Eminent Sandesha kavyas

In Kalidasa’s Meghadūta, the messenger is the cloud, in Dohyi’s Pavanadūta, the messenger is the wind, in Udaya’s Mayurasandeśa, the messenger is the peacock.

The methodology employed by Kalidāsa in the construction of his Meghadūta, a lyric in a little over one hundred verses that personifies objects of Nature and describes Nature with all its beauties and glories, has been imitated by later Sanskrit poets.

Pavanadhuta is written by Dhoyin a 12th century CE court poet the Gauda king Lakshmana of the Sena dynasty. The poet narrates tells the story of a gandharva maiden Kuvalayavatī who falls in love with King Lakshmana.
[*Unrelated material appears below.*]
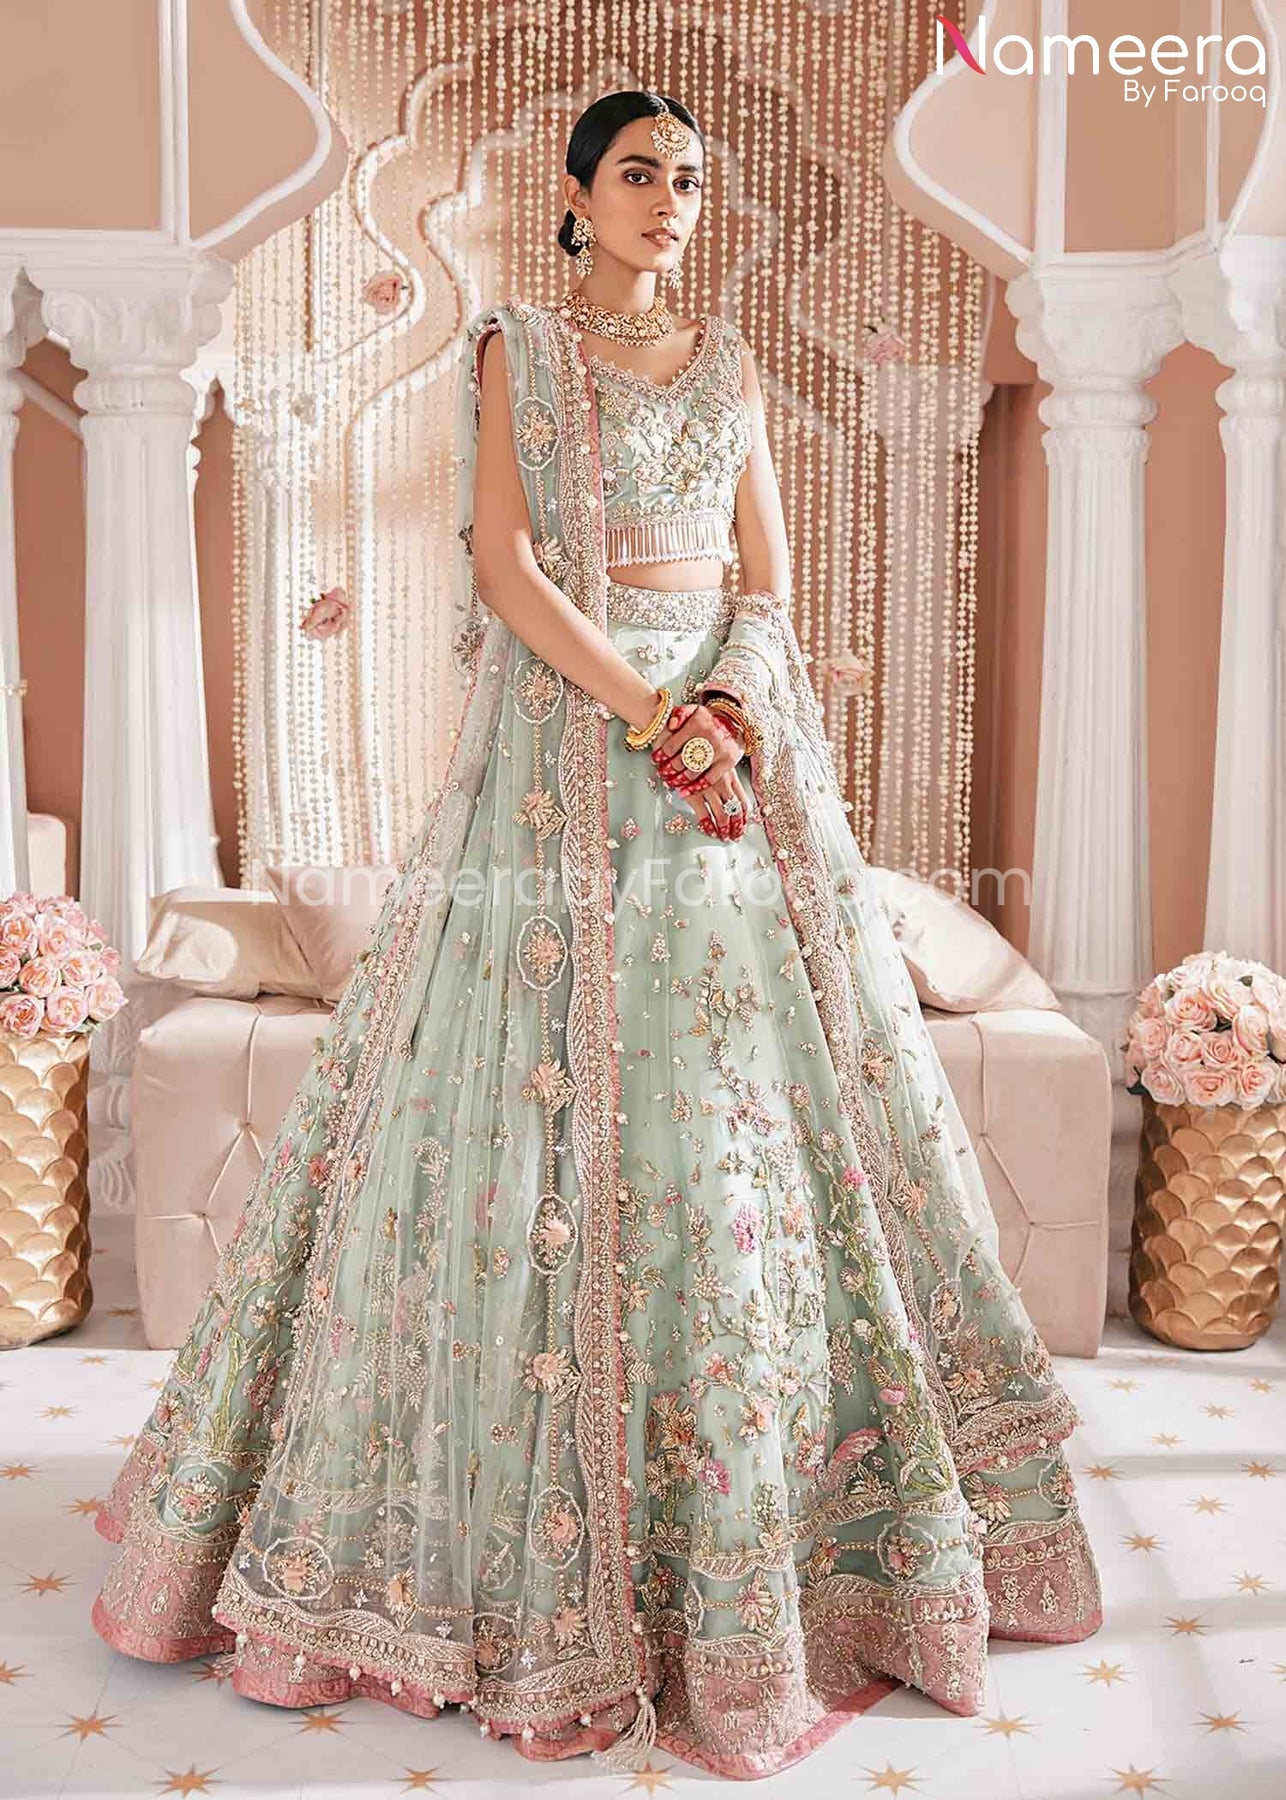 Pakistani Bridal Dress In Choli Lehenga Design Online 2021 Nameera By Farooq 3043

She asks the wind (Pavan) to take her message of love to the king.

Bhavabhuti used this metre for Act IX 25-26 of his Mālatīmādhava in which the abandoned Mādhava searching for a cloud to take his message to Mālatī speaks in Mandākrāntā metre.
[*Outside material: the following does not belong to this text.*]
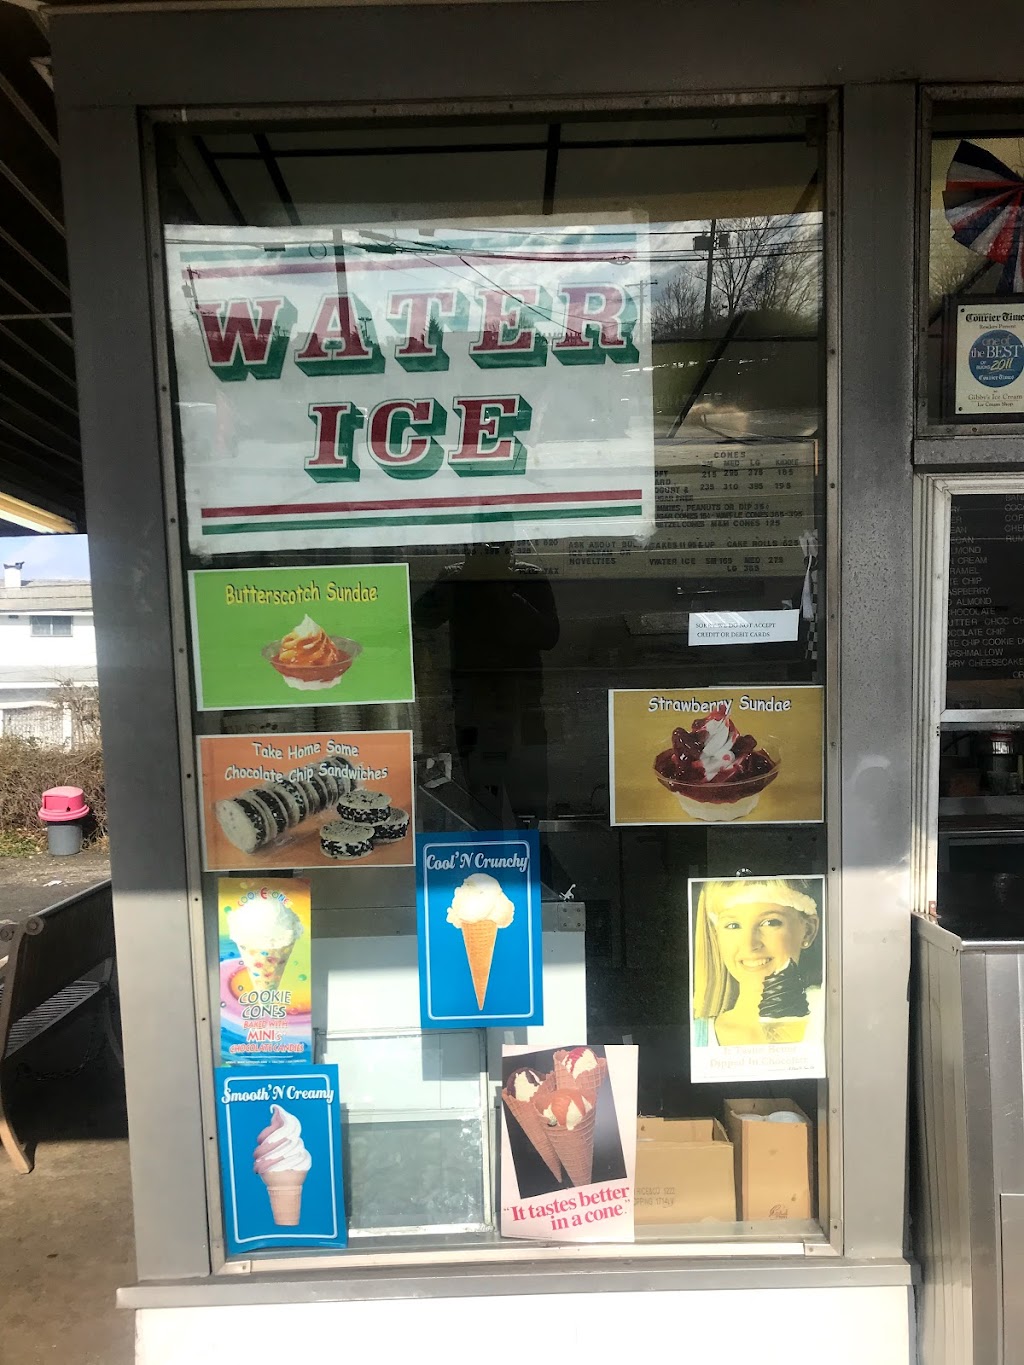 Gibbys Ice Cream Store | 4010 Veterans Hwy, Levittown, PA 19056 | Phone: (215) 945-1700

These apart, there is the message sent by a devotee to the Lord described in Hamsasandeśa of Venkatanātha Vedāntadeśika, and the message from the wife to husband in Cakorasandeśa of Vāsudeva of Payyur.

Arrangement of content

Sandeśa kāvyas are always in two parts; in the first part, the hero is presented, there appears the messenger and the route to the destination is described. The second part includes the destination, the house of the heroine, the heroine and her state of grief in separation, the message describing the hero’s own condition and a word of solace, with an identification mark mentioning some incident the hero and the heroine could know, to assure that the messenger is genuine. The messenger can be anyone – a person, a bird, a bee or a cloud or wind, and that messenger provides very interesting descriptions of cities en route with palaces and temples, pubs and parks, theatres, mansions and streets; the country parts and forests, hills and rivers, animals and birds, trees, creepers and flowers, cultivated fields and peasant girls, artisans. Love in separation is the chief emotion depicted in this type of lyrical poetry and there is certain individuality in the treatment of the theme; this type of poetry is not found in any other literature.

Mandākrāntā metre

The metre used is known as Mandākrāntā which is slow-moving and consists of pada of four lines each, with each line of seventeen syllables as in Kālidāsa's poem Meghadūta Stanza 15:

रत्नच्छायाव्यतिकर इव प्रेक्ष्यमेमत् पुरुस्ताद् वल्मीकाग्रात् प्रभवति धनुष्खण्डमाखण्डलस्य |
येन श्यामं वपुरतितरां कान्तिमापत्स्यते ते बर्हेणेव स्फुरितरुचीना गोपवेशस्य विष्णोः ||१५||

| – – – – | u u u u u – | – u – – u – x |

"Like the blending of tints in the jewels, to the Eastward, at the top of the mountain of Valmīkā, will appear a portion of a bow of Akhandala (Indra), by means of which thy dark blue body will gain excessive beauty, like that of the Shepherd clad Vishnu (Lord Krishna) from peacock’s tail, which possesses glittering beauty."

In other Indian languages
Sandesha Kavyas are found written in many other Indian languages. Unnuneeli Sandesham, one of the oldest literary works in Malayalam language is composed as a Sandesha Kavya.